Аксинья не забирала мальца в свою горницу, знала, что домочадцы с неодобрением отнесутся к такой вольности. Игнашка иногда проскальзывал к ней ранним утром, что-то говорил на непонятном своем языке, обнимал. Мальчонке не хватало матери, и Аксинья жалела его и делала для приемыша что могла.
– Опять он здесь? – Синие Нюткины глаза с возмущением взирали на мальчонку.
– Малый он еще, забота да ласка нужны всем, доченька.
– Он же… – Нютка спросонья искала слова, – чужой.
– Агафья, мать его, умерла на моих руках. Сын подруги – тоже родич.
– Так ты всех детей окрест соберешь. – Нютка вылезла из-под одеяла, подцепила смятый праздничный сарафан и, гордо подняв голову, пошла прочь из горницы.
– Стой-ка! – окликнула ее Аксинья. Кот урчал и тыкался ей в бок, Игнашка замер, понимая, что речь идет о нем. – Без сострадания и жить нельзя на белом свете. Как бы мы ни грешили, каких худых дел бы мы ни творили, всегда должны помнить: есть сирые да хворые, слабые да беззащитные, кому нужна наша помощь. Забыть о том – поддаться диаволу. Завтра же пойдем в храм и оделим нищих пожертвованиями.
Нюта кивнула. Но мать знала, что ревность заглушала в ней христианскую доброту и жалость к сирому Игнашке.
Во дворе кипела работа. Аксинья и Еремеевна перекладывали грузди и рыжики листьями хрена, пересыпали солью, вглядывались в каждый грибочек. Добрая хозяйка всегда настороже: гниль, червь или иная пакость могут испортить всю кадушку. Дуня и Нютка мыли бруснику, выбирали листья да щепки, грезили о ягодном морсе.
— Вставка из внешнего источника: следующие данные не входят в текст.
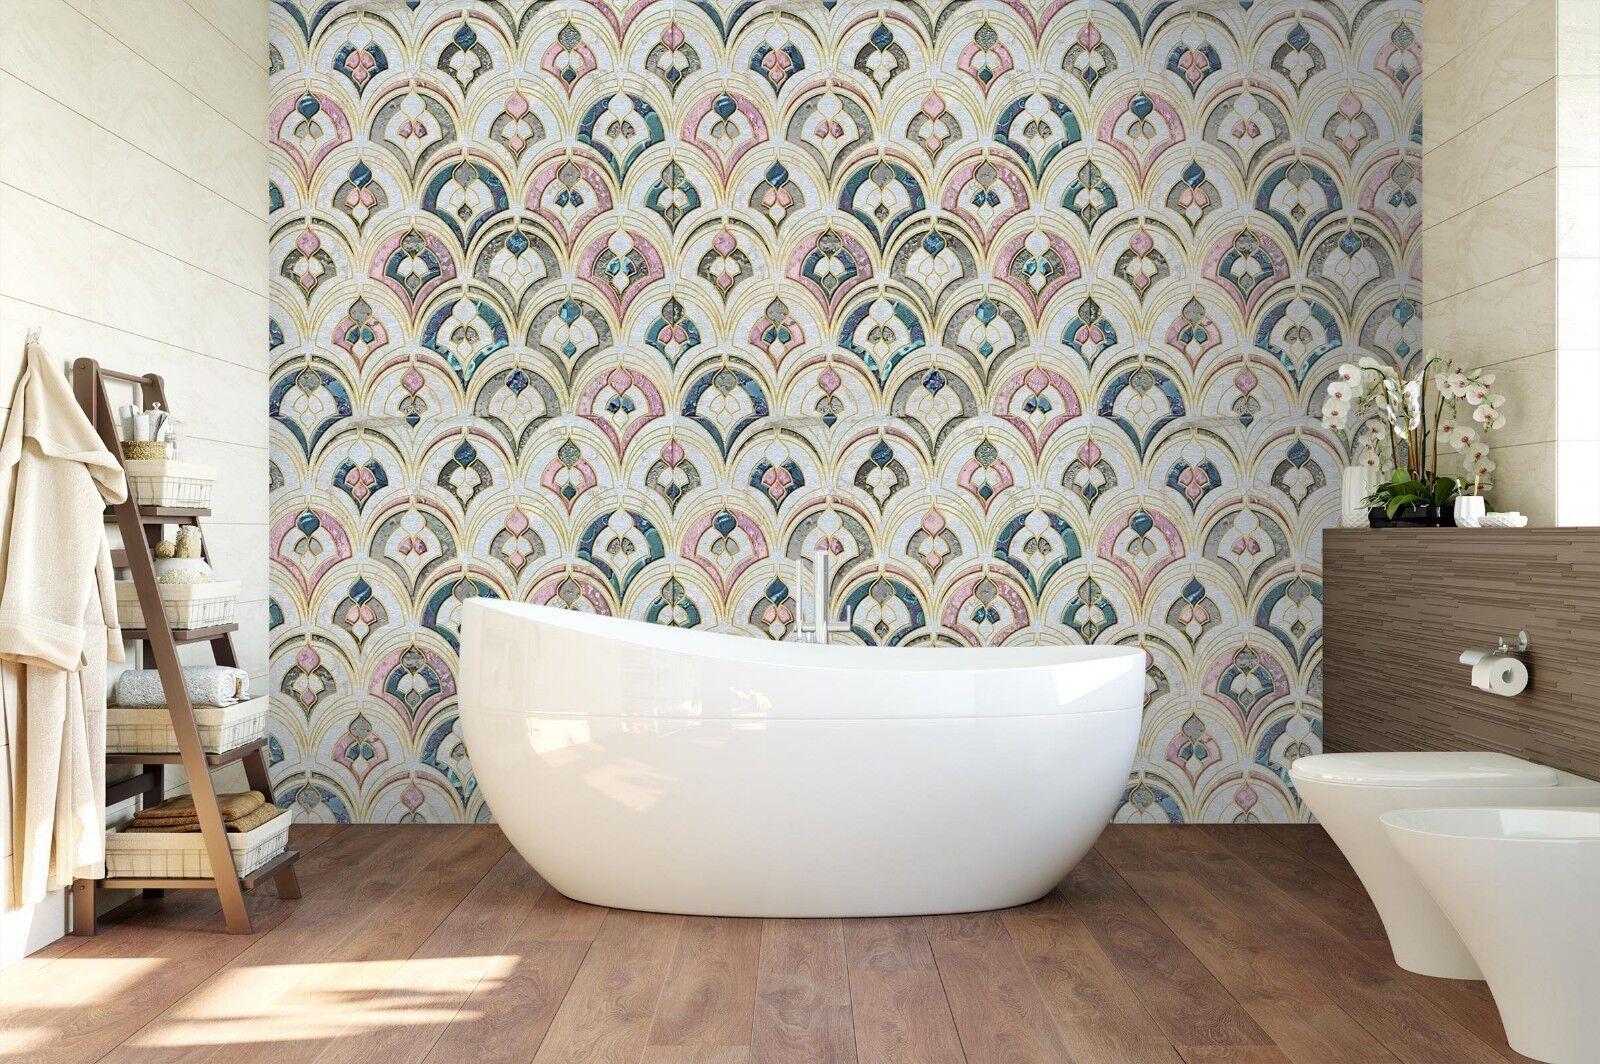 3D Umbrella Pattern 523 Texture Tiles Marble Wall Paper Decal Wallpaper Mural

Хмур, сидя на лавке у дома, чинил упряжь. Порой он так глядел на Дуню, молодую жену свою, что всякому становилось ясно: они счастливы.
Аксинья склонилась над кадушкой, укладывая очередной слой скользких ароматных грибов, внезапно земля зашаталась под ней, на глаза нашла какая-то пелена. Очнулась уже на лавке, окруженная встревоженными домочадцами.
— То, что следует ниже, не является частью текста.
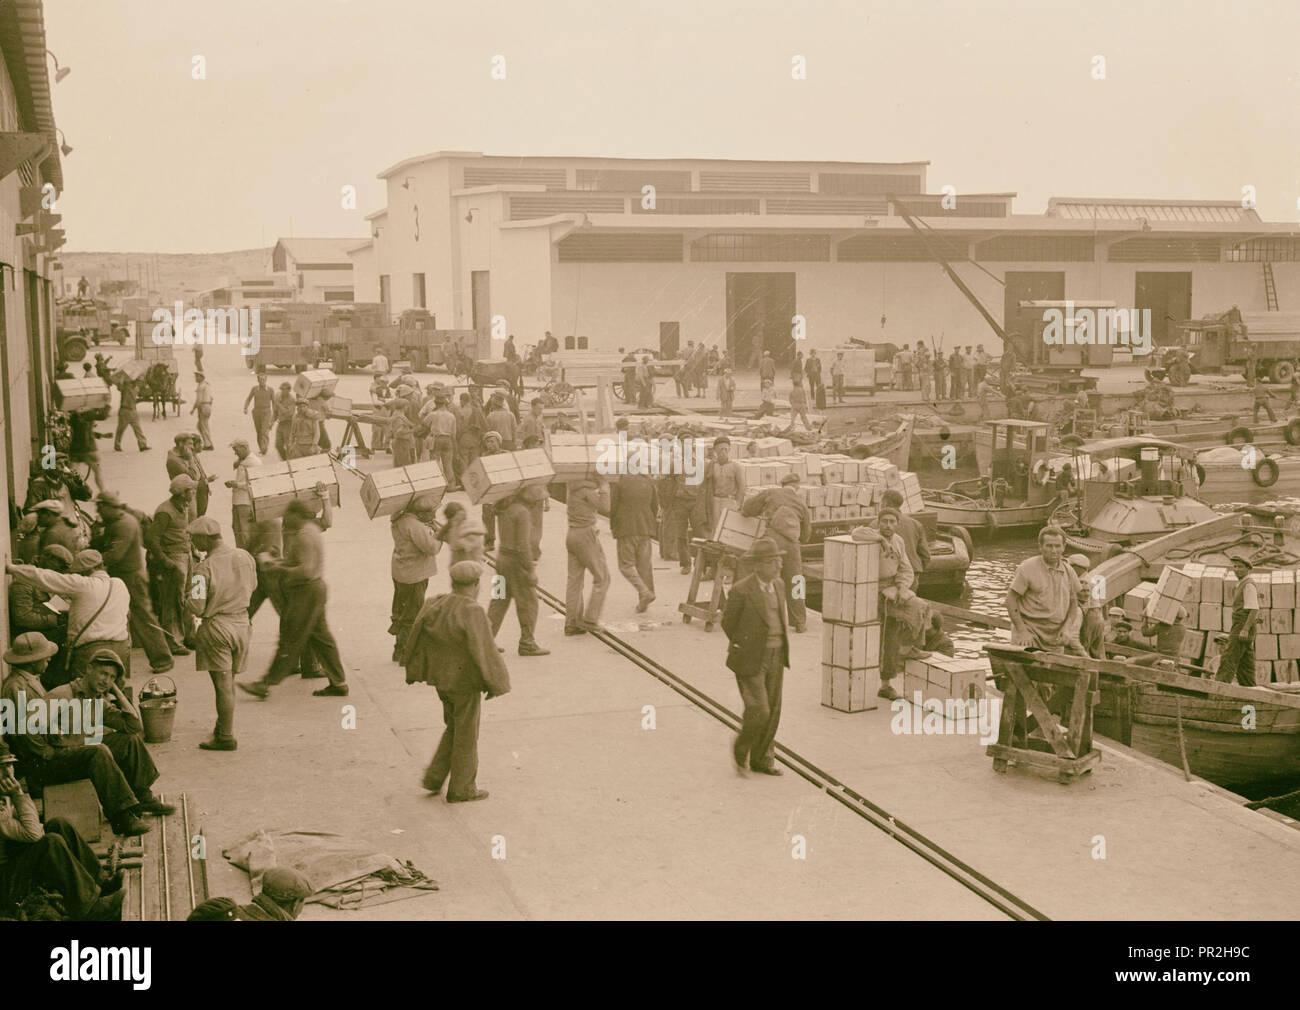 Tel Aviv harbour. A busy scene, loading lighters with orange boxes. 1934, Israel, Tel Aviv - Stock Image

– Это что ж ты, хозяйка? Приляг да отдохни, – суетилась Дуня. Дочь могла лишь испуганно моргать, а Еремеевна, оттеснив всех, взяла Аксинью под руку, кивнула Хмуру: «Мол, помоги», – и повела в горницу.
Ступени казались бесконечными, и Аксинья проклинала городской обычай строить дома на высоком подклете, свою постыдную слабость, пропавшее время, что осенью – на вес золота.
– Ты иди, Хмур, мы сами управимся, – отпустила Еремеевна слугу. – Спасибо тебе, соколик.
Аксинья в который раз заметила ее умение обходиться с людьми и ласку в голосе. Хорошую служанку обрели, грех жаловаться.
Когда оказались в горнице, Еремеевна прикрыла тонкую дверцу и обернулась к хозяйке.
– Дело не мое… Да только надобно тебе полежать, поберечься.
– Забегалась… ни маковой крошки.
Аксинья только сейчас поднесла руки к лицу, поняла, что испачкались они в грибной терпкой слизи. Найдя тряпицу, принялась тереть, не замечая слабости.
– Думаешь, не поняла я? – Еремеевна села на лавку у стола и задумчиво погладила суконный налавочник[76]. – Остальные-то нет, куда им… А я столько лет землю топчу.
– О-о-ох! – Аксинья села на мягкую перину и ощутила неодолимую тягу: скинуть одежу и в одной рубахе нырнуть под одеяло. – От себя мысли гоню… Что делать, не ведаю.
– А что ж тут сделаешь-то? – усмехнулась Еремеевна. – Все уж сделано… Да только побереги себя, девонька.
После ее ухода Аксинья долго сидела, не в силах даже разоблачиться, и туманные думы ускользали от нее, и незнакомая сонливость овладевала ее разумом. Лишь когда колокола позвали к вечерне, она легла на лавку и, обхватив подушку, уснула, точно провалилась в темный подпол.
– Ложи ровнее! Чего зазевался! – Голуба покрикивал на мужиков, что привезли в амбары зерно, и тут же рассыпался шутками. – Гляди, какой мешок тощий, видать, домовой у тебя хлеб забирает. Давай, с меня чарка хлебного, коли до обеда все перетаскаете!
Степан знал, что друг справится и без него, про то, что надобно заехать к воеводе и напомнить о грамоте Строгановым, проверить варницы и выяснить, сколько пудов соли взять с собой в Верхотурье. Но стоял и глядел на суетившихся мужиков, на добрые тесовые амбары, что за последние два года выросли на окраине Соли Камской.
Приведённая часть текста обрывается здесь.